10 March 2020

There will be blood

EMMA.

Crit
Title typography [sic]; see, it's a period film . . . OK, forgive them; the picture itself is much cleverer.

Anya Taylor-Joy is a perfect Austen heroine, and her Emma is perfectly dreadful, throughout the first several reels but especially at one dreadfullest moment; don't worry: you'll know it when you see it. Everyone does, even the dreadful one herself.

Brave of screenwriter Eleanor Catton and director Autumn de Wilde (and of Taylor-Joy herself) to turn moral ugliness to 11, but of course they still can't hide the inevitability of Emma + Knightly (Johnny Flynn). Oops, spoiler. But then you've read the book.

04 March 2020

Now you don't

The Invisible Man

Crit
Gee, whilikers, what a well-made scary! What has this Leigh Whannell done before? Uh, a buttload of Saw flicks and nothing I'd seen. Nonetheless, a masterpiece of tease and terror, shot with an eye both atmospheric and narrative, a score that underpins the belly swoops, and a star, Elisabeth Moss, we've seen terrorized before, but not this way. And no, I'm not gonna say a word about the plot. Just see it. Get it? SEE it?

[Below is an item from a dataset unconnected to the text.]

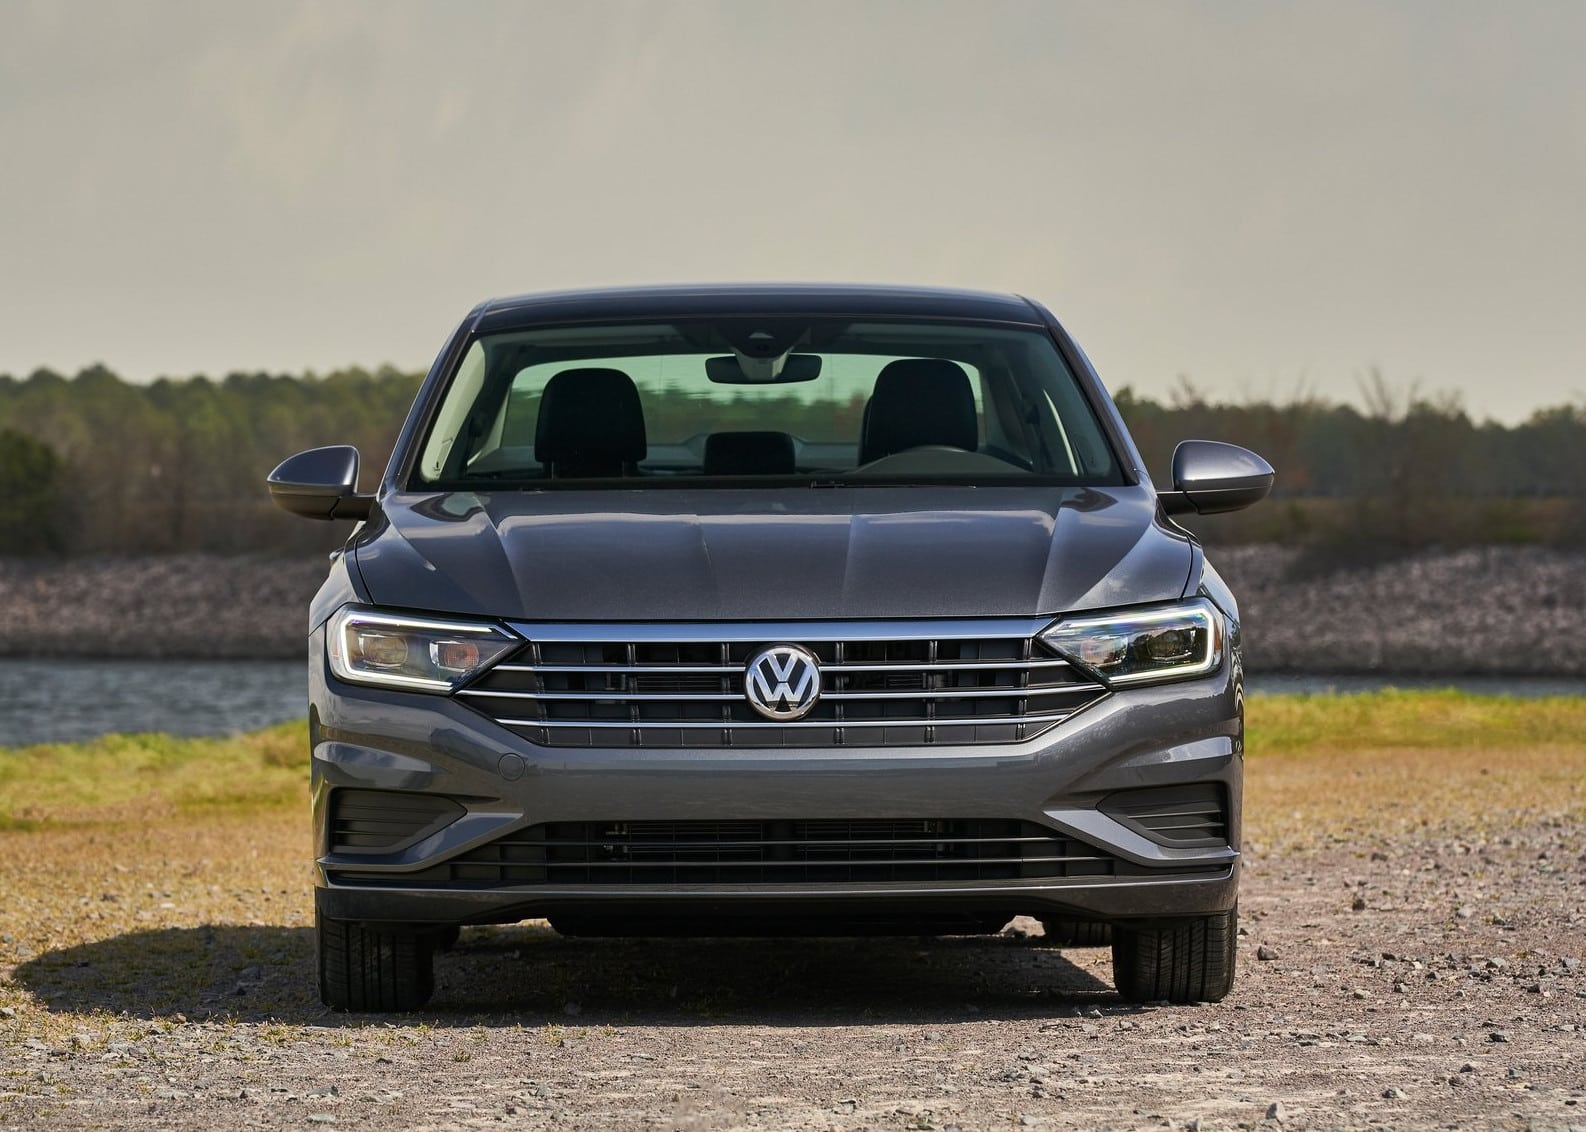 Volkswagen amplía garantía en vehículos nuevos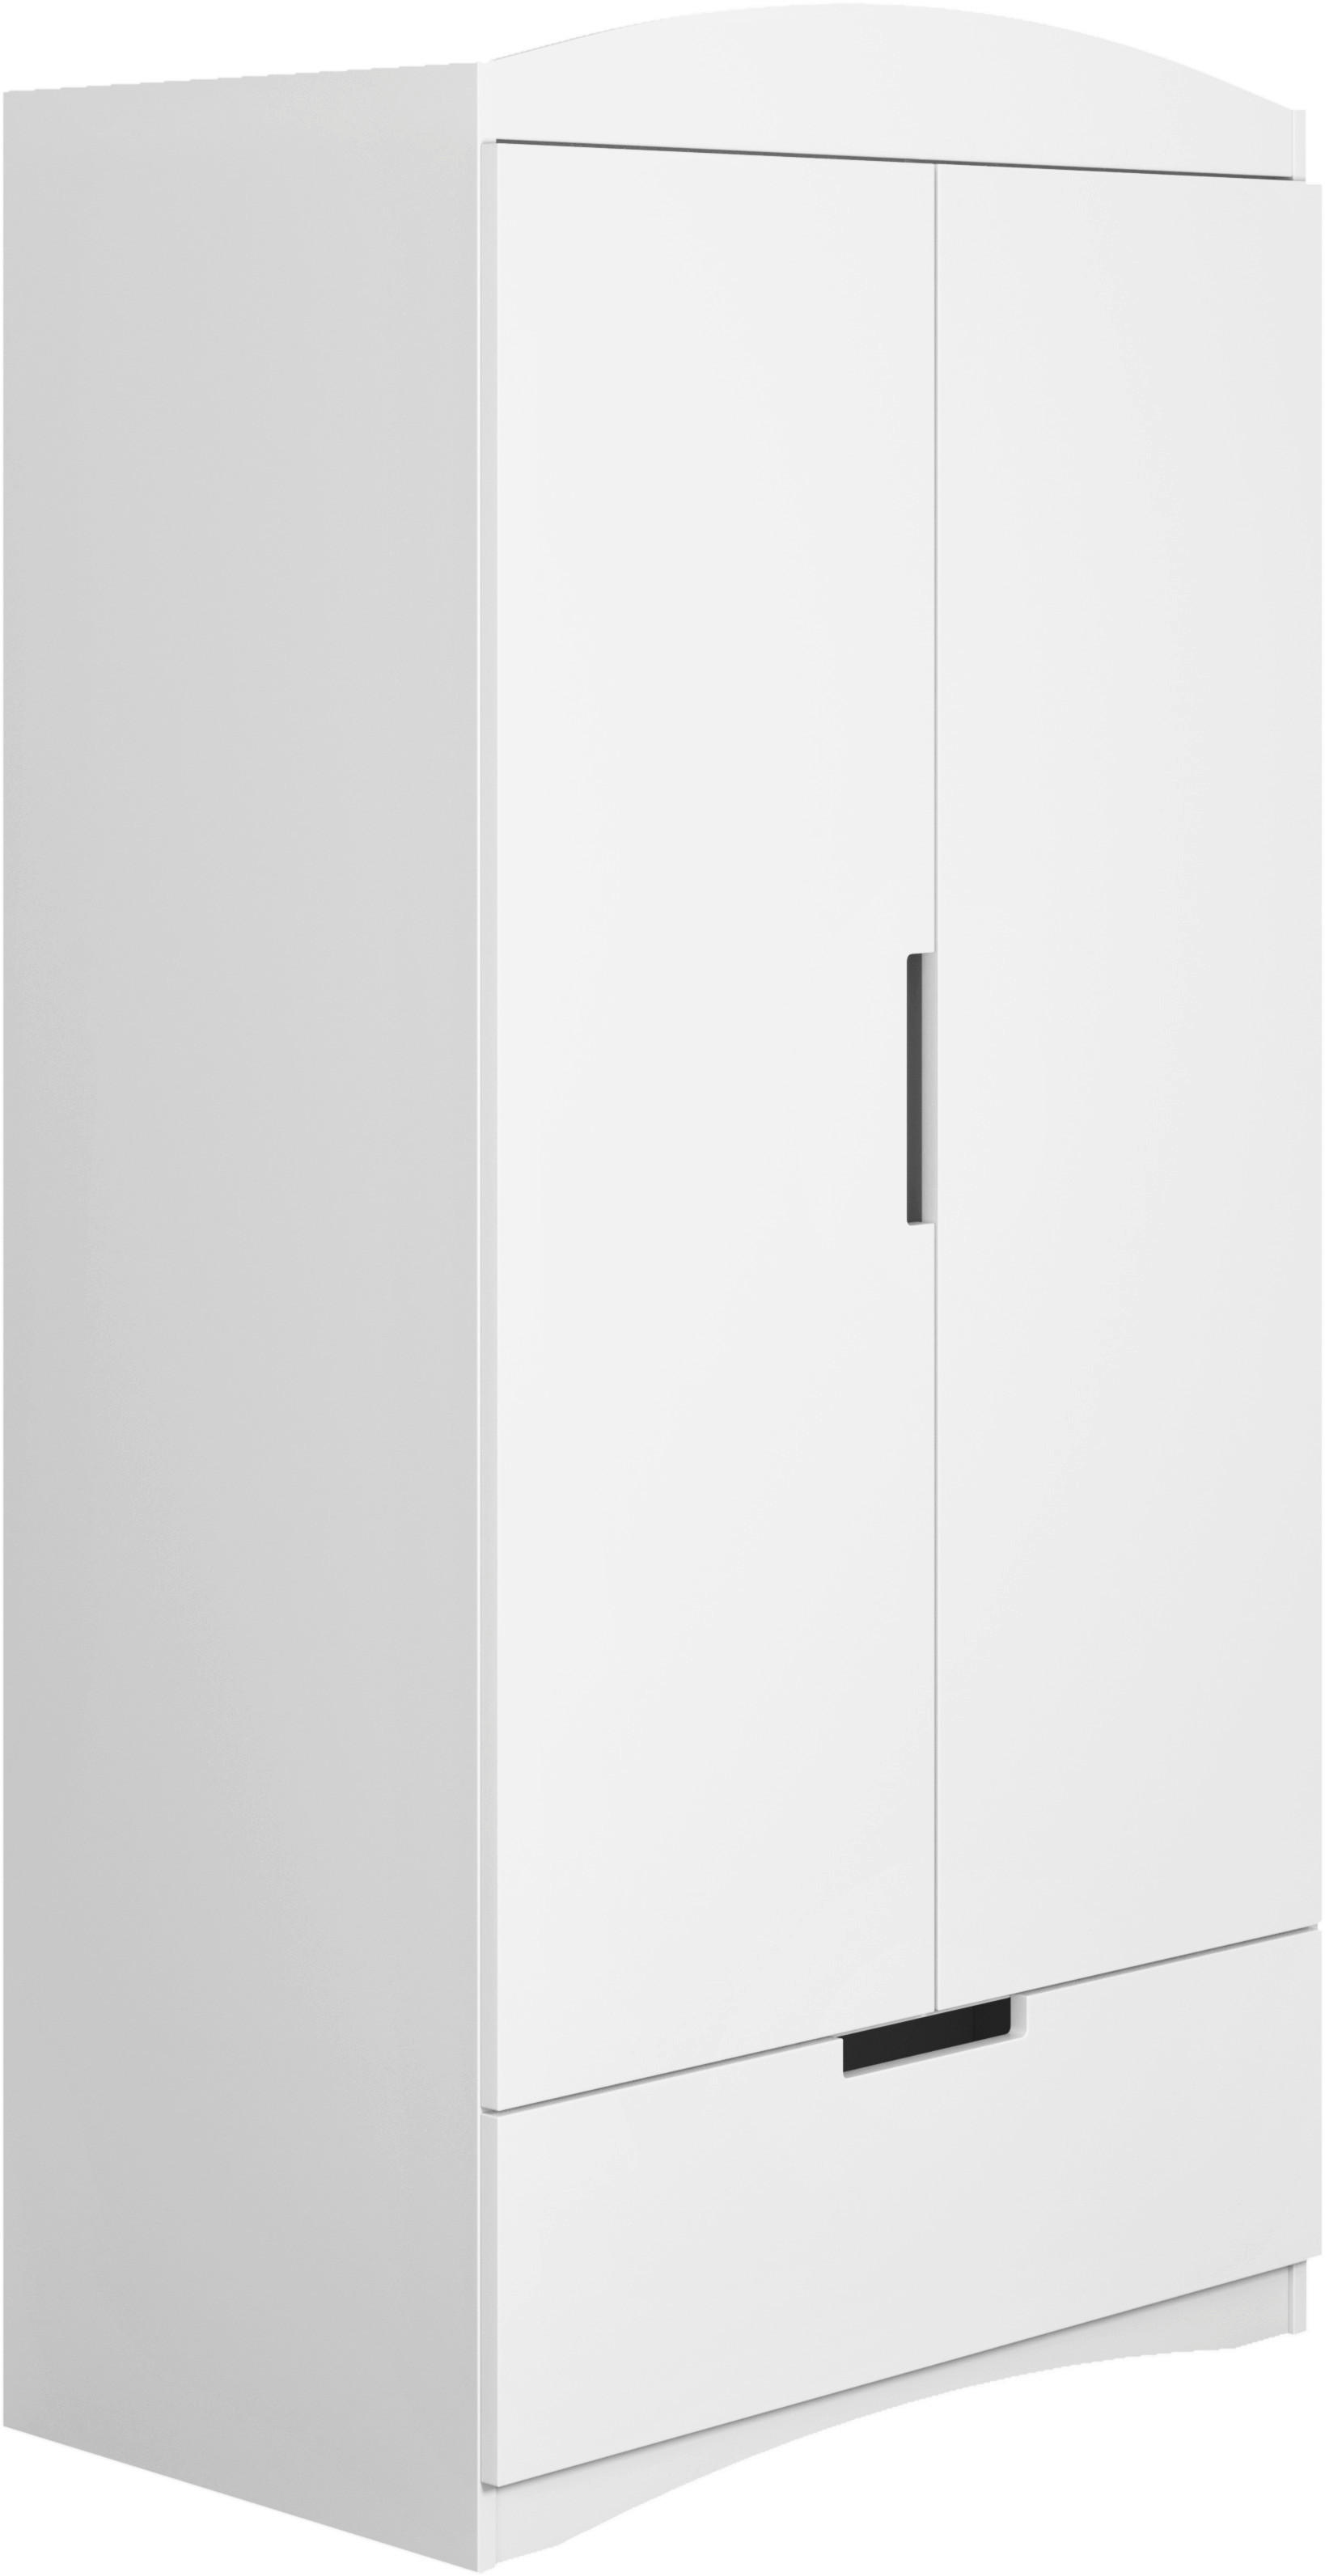 KINDERKLEIDERSCHRANK Classic Weiß  - Weiß, MODERN, Holzwerkstoff (90/186/58cm) - MID.YOU

  • Only notable trailer is notable only because the film is cowritten by Jordan Peele: Candyman.

03 March 2020

The same old story


Premature

Crit
Nothing in this story of young love that we haven't seen before, nothing very dramatic except to the extent that young love is the quintessence of drama, but it all feels fresh, and yes, that's partly because the film is set on and around 145th Street and populated not by the pretty white people we're accustomed to seeing young and in love the screen but by pretty brown people who stake a hungry claim to that screen. Quotidian colorblind heartbreak, cowritten and directed by Rashaad Ernesto Green.


Ordinary Love

Crit
Likewise, nothing here we haven't seen before: cancer as it affects not just one body but the body that is couplehood. And the sharp writing (by Owen McCafferty) is  sometimes too sharp to be contextually believable. But Lesley Manville and Liam Neeson sell it, and raise it. But what kept distracting me was: where in Northern Ireland is this set?
  • Trailer for Military Wives: Kristin Scott Thomas and Sharon Horgan, but it looks like a clichéfest.

01 March 2020

Should never have taken the very best

Once Were Brothers: Robbie Robertson and The Band

Crit
Get this straight: nothing was Robbie's fault. It was all those secondary guys in the (The) band (Band), especially crazy paranoid junkie Levon.

I have no idea what the truth is. This is a truth, certainly; certainly there are others. But this truth is emphatically Robbie Robertson's, with the other talking heads confirming it or providing easily dismissed (or ignored) countertestimony. Which, OK, fine: it pretends to nothing else, and for someone who has enjoyed the music without getting much into the mythology, it's a chance to hear some of the former and get a one-facet primer on the latter. Fair enough. But don't try to tell that to my Levon-loving friends.